> Supplied material:

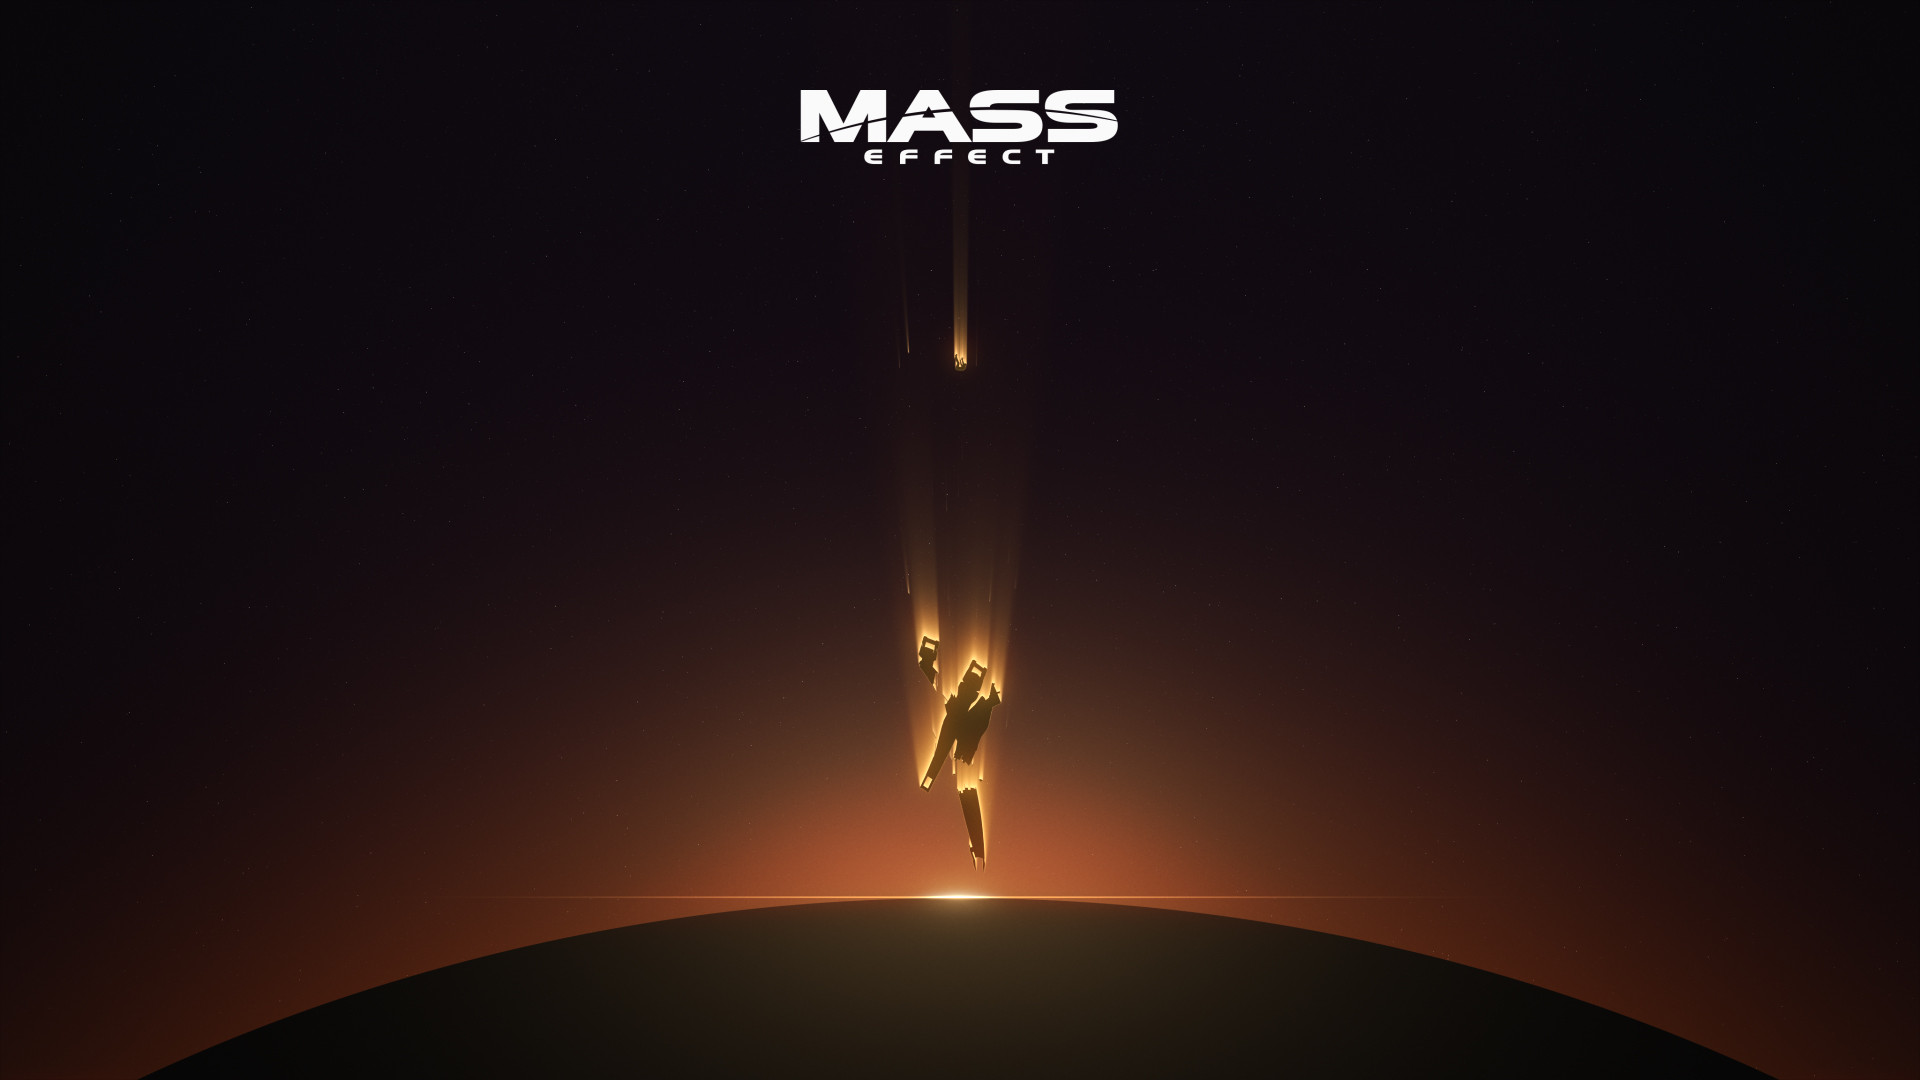 Mass Effect, Computer Game Wallpaper
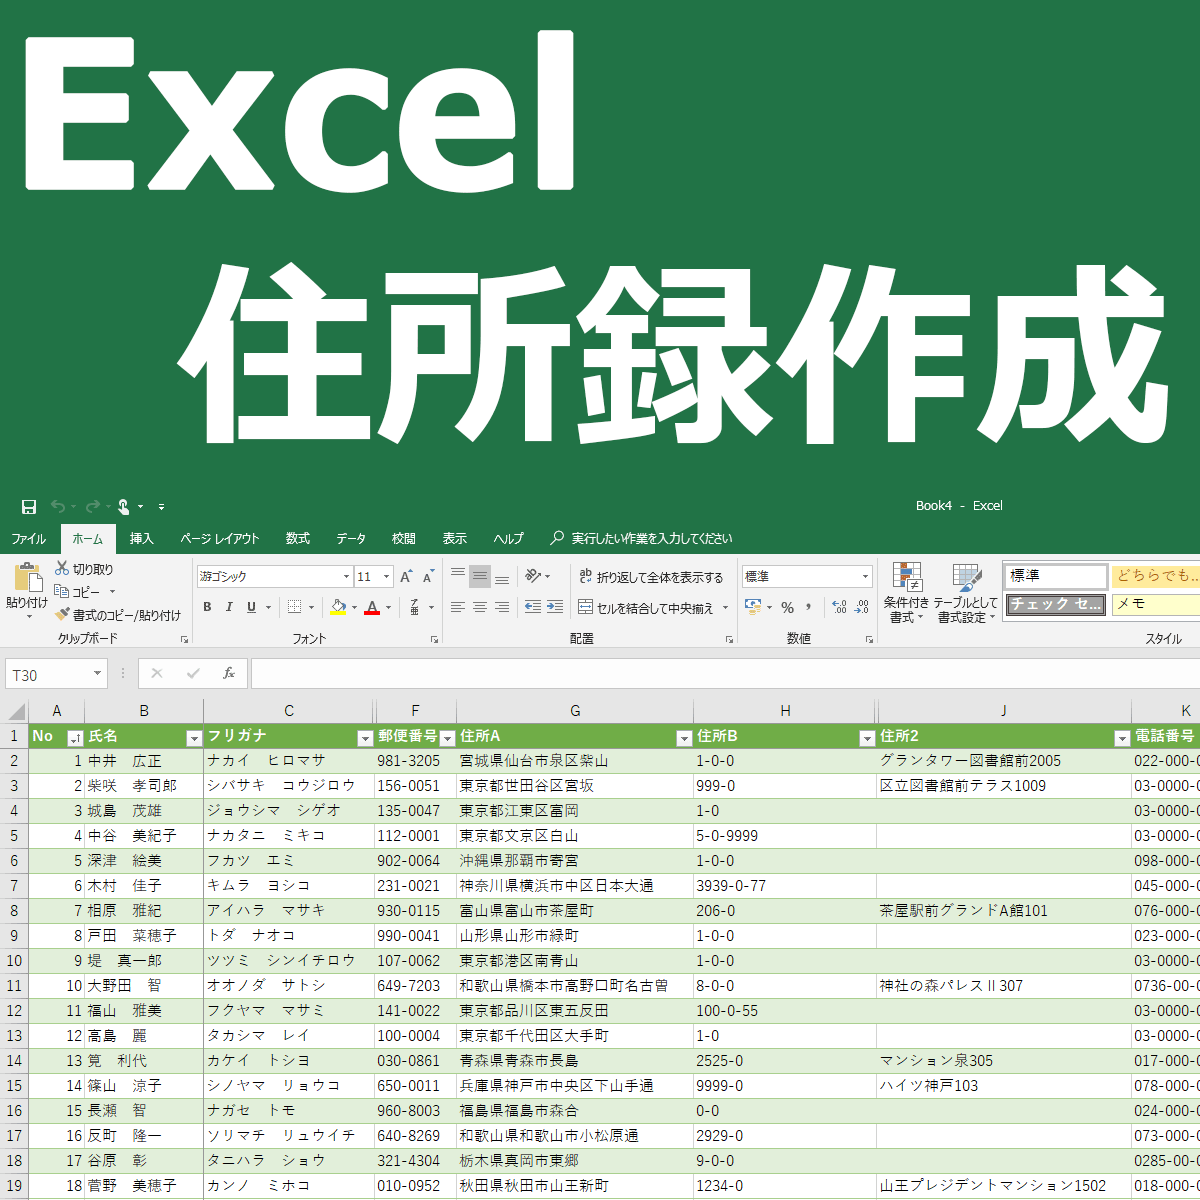 エクセルで住所録作成 改訂版 Excel住所録の作り方
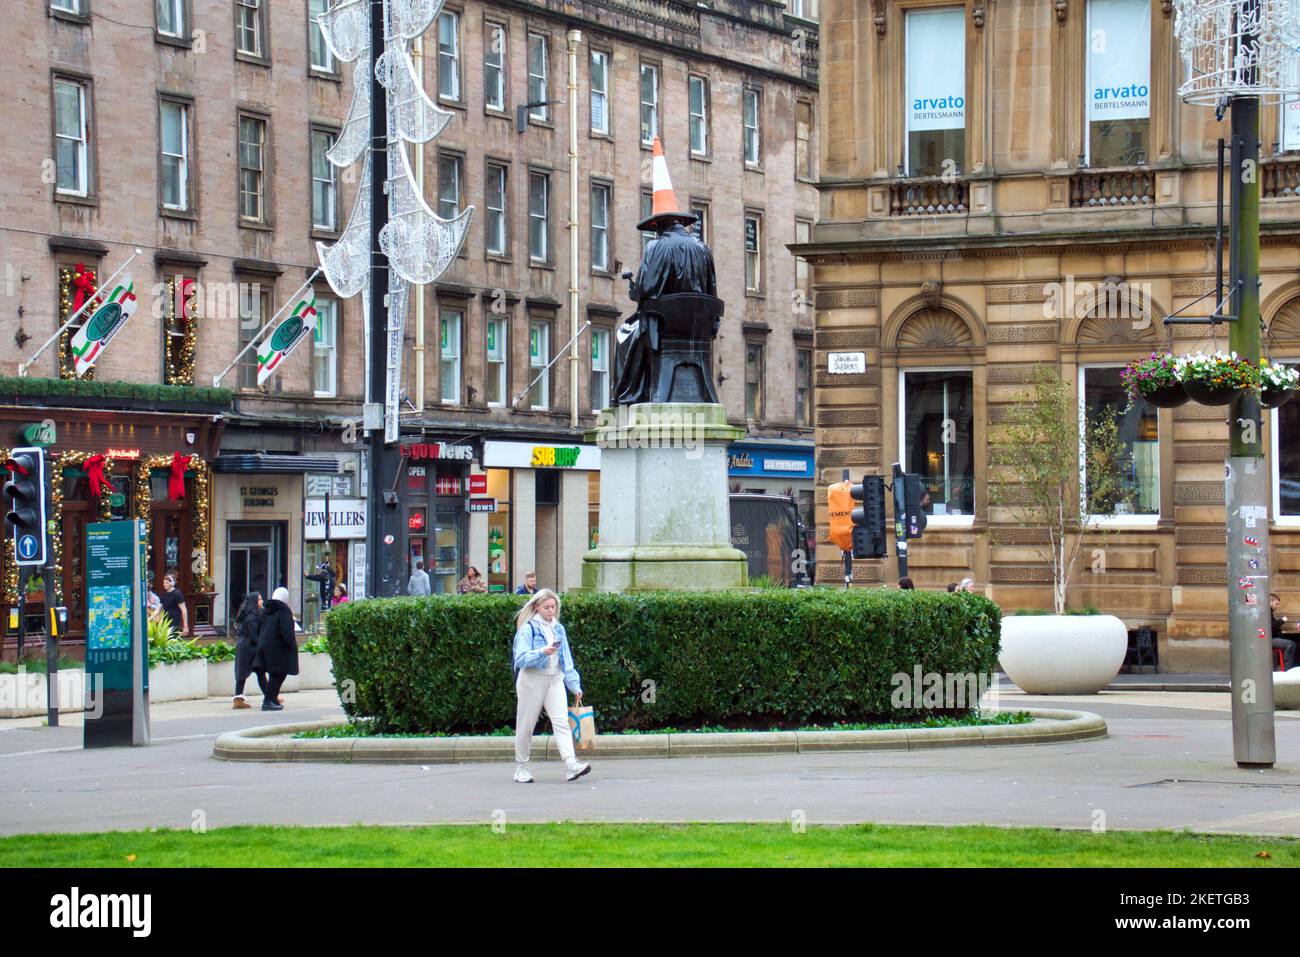 La statue de James Watt sur la place George a donné le traitement emblématique de la tête conique locale et l'apparence d'un dunce Banque D'Images

> The task:
Print the material word for word without images.

> Result of the exercise:
 Mass Effect, Computer Game Wallpaper
 エクセルで住所録作成 改訂版 Excel住所録の作り方
 La statue de James Watt sur la place George a donné le traitement emblématique de la tête conique locale et l'apparence d'un dunce Banque D'Images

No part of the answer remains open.